◆ Exercise data:
*** Block opens ***

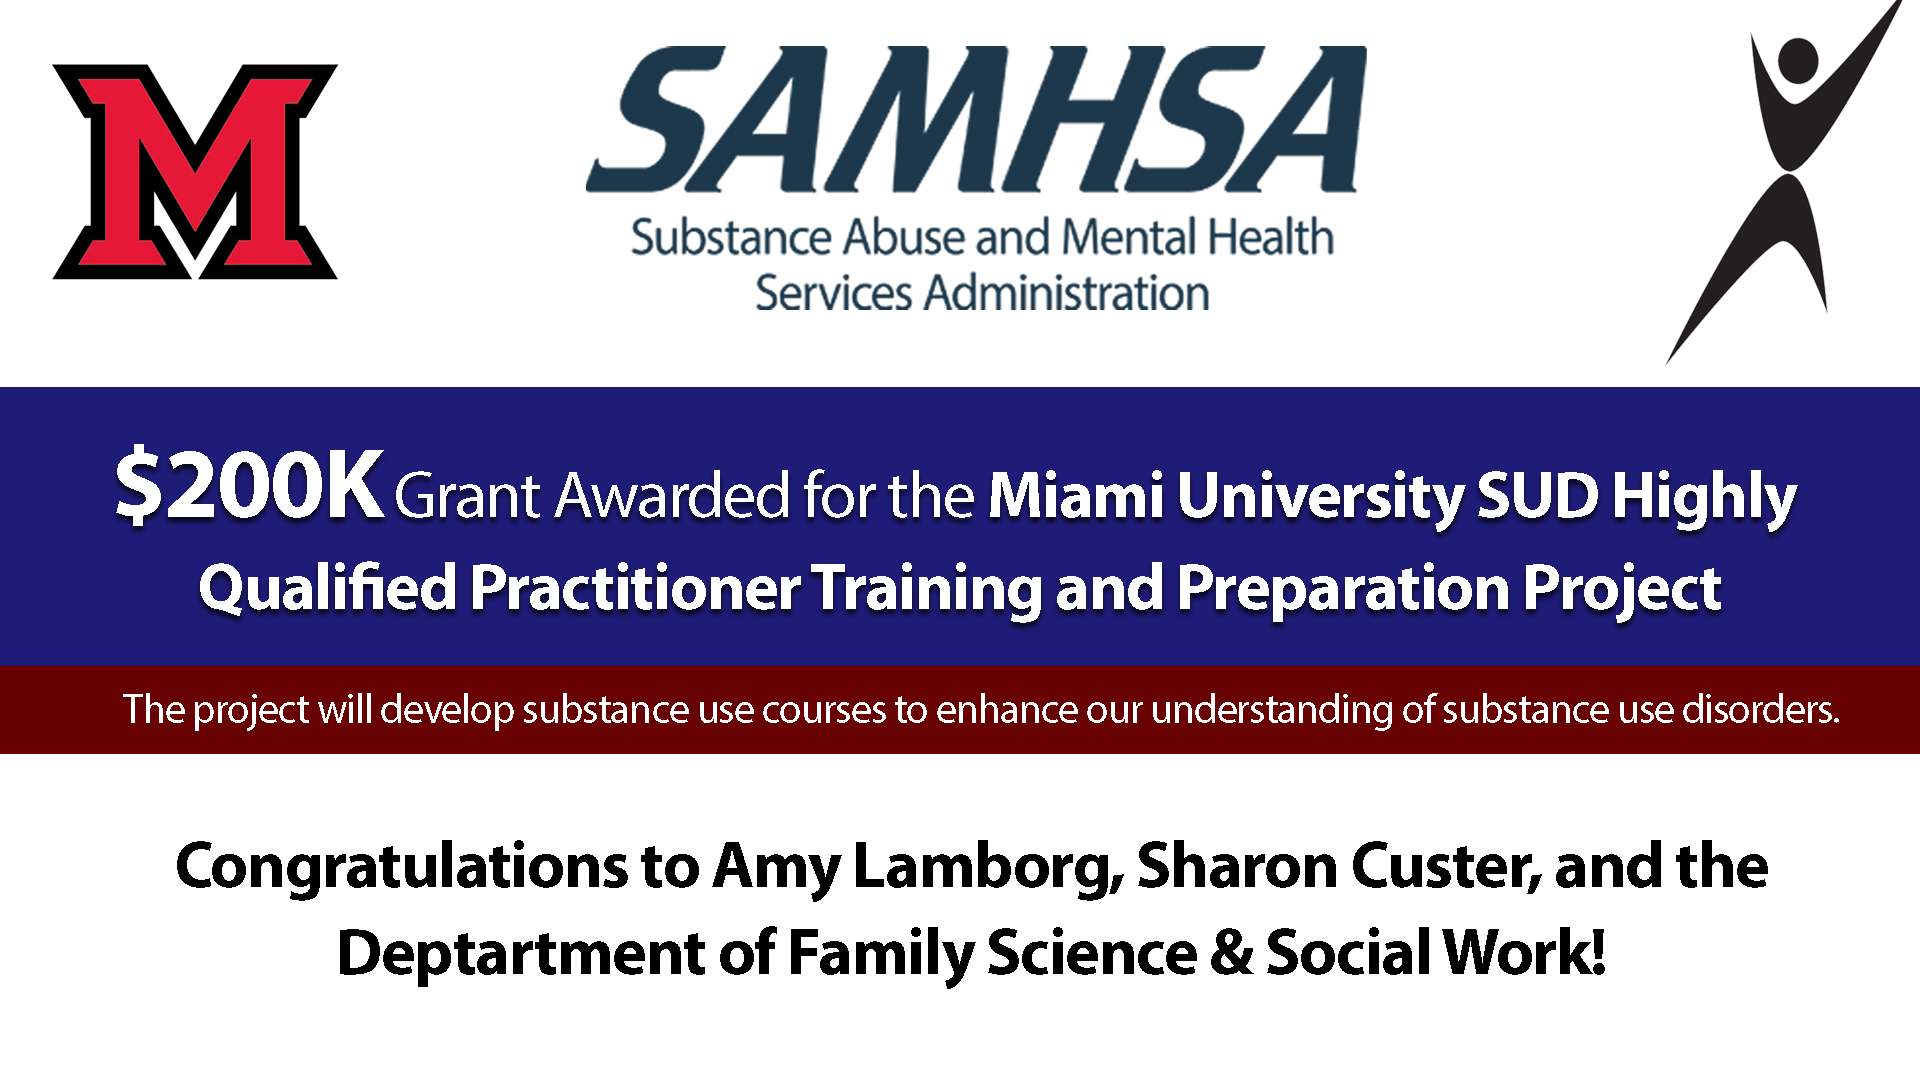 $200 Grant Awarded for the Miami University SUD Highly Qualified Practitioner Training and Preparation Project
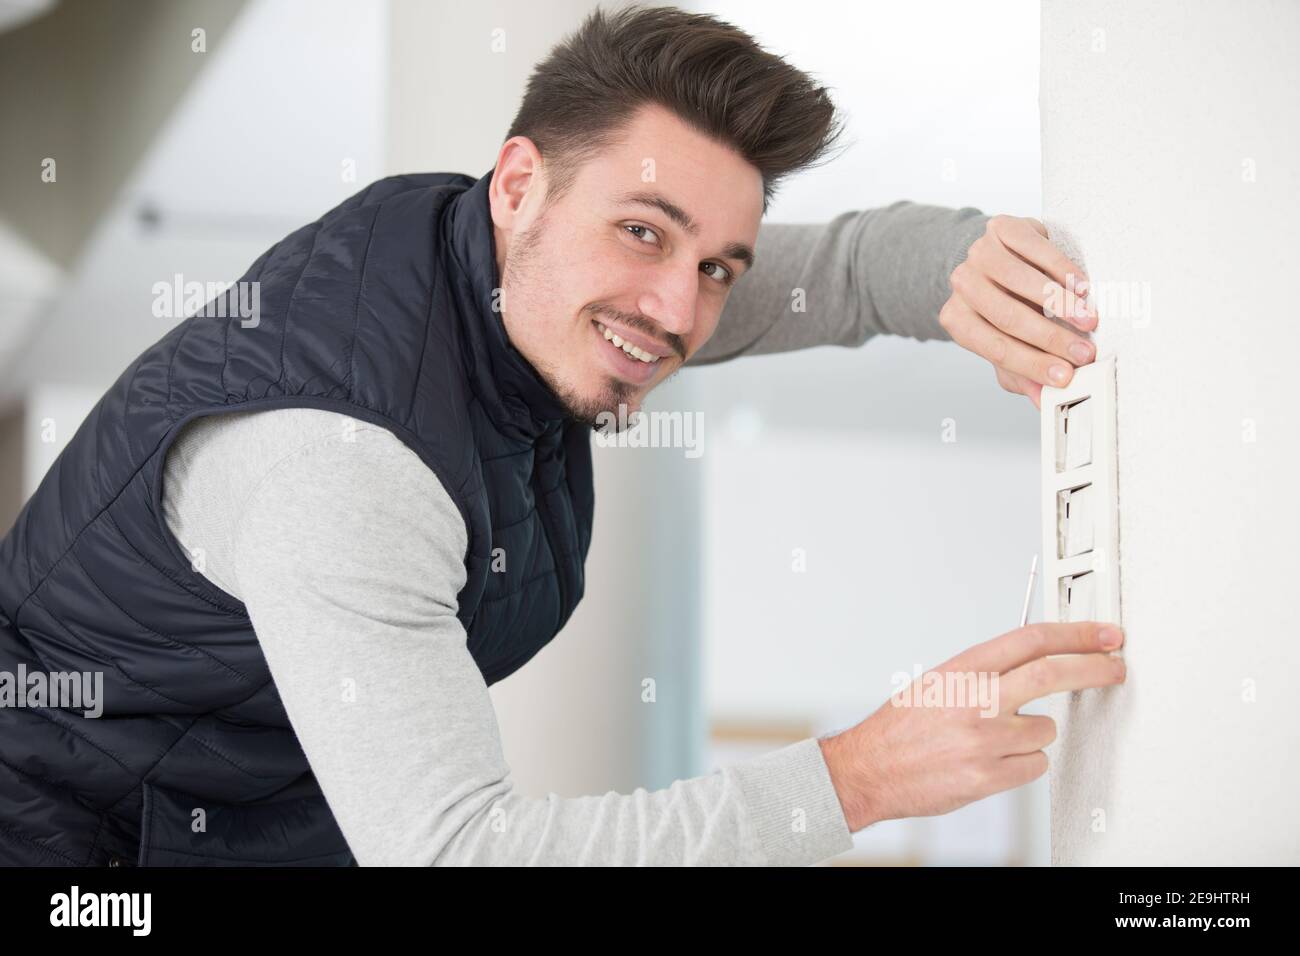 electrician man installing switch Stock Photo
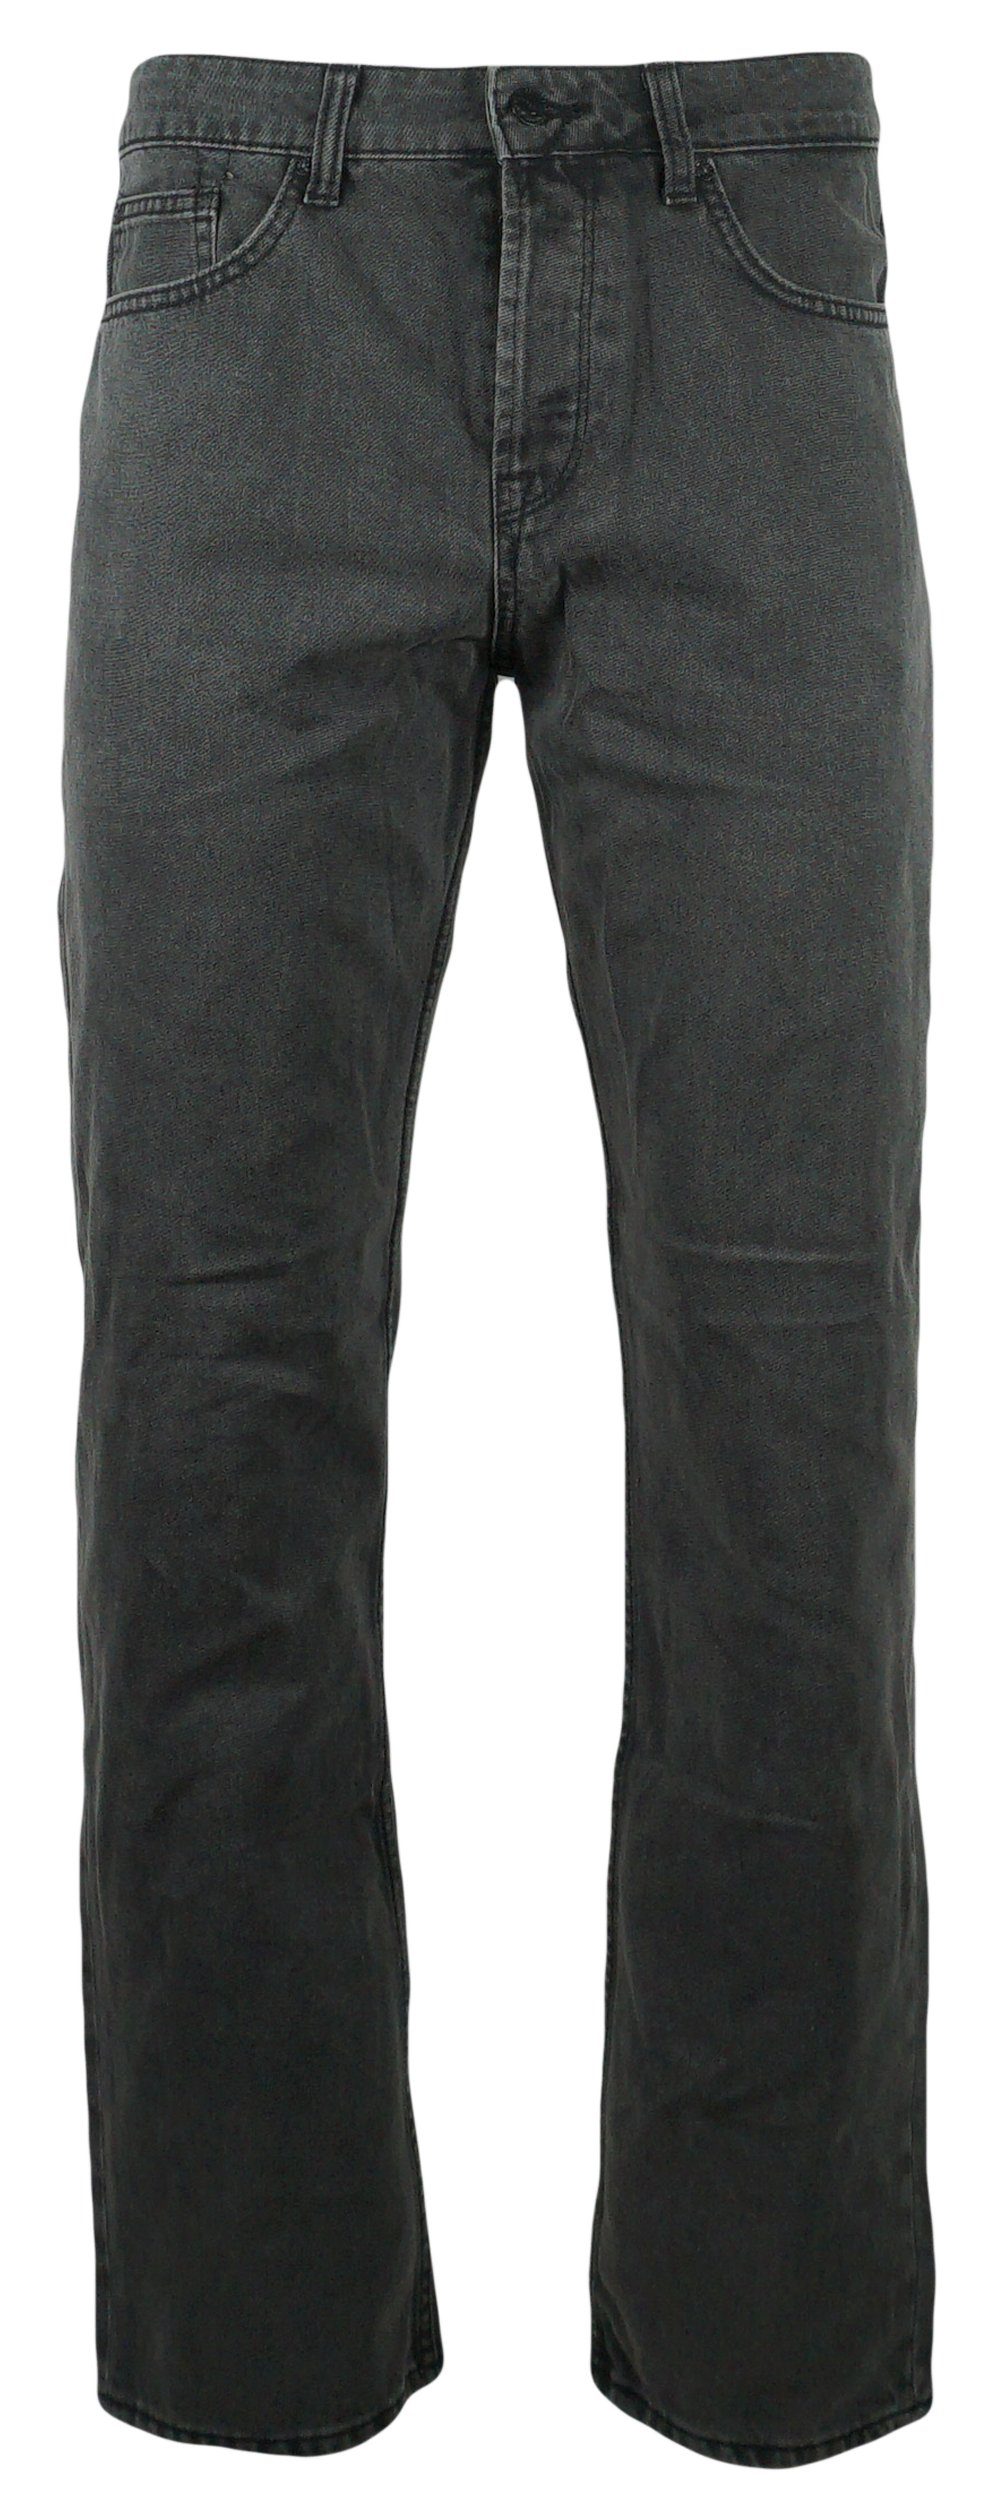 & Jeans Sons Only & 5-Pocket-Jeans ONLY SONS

*** Block closes ***

◆ Task item:
Give back exactly the lines from the line with "electrician man installing" through the end of the material above, and omit every picture.

◆ Expected answer:
 electrician man installing switch Stock Photo
 & Jeans Sons Only & 5-Pocket-Jeans ONLY SONS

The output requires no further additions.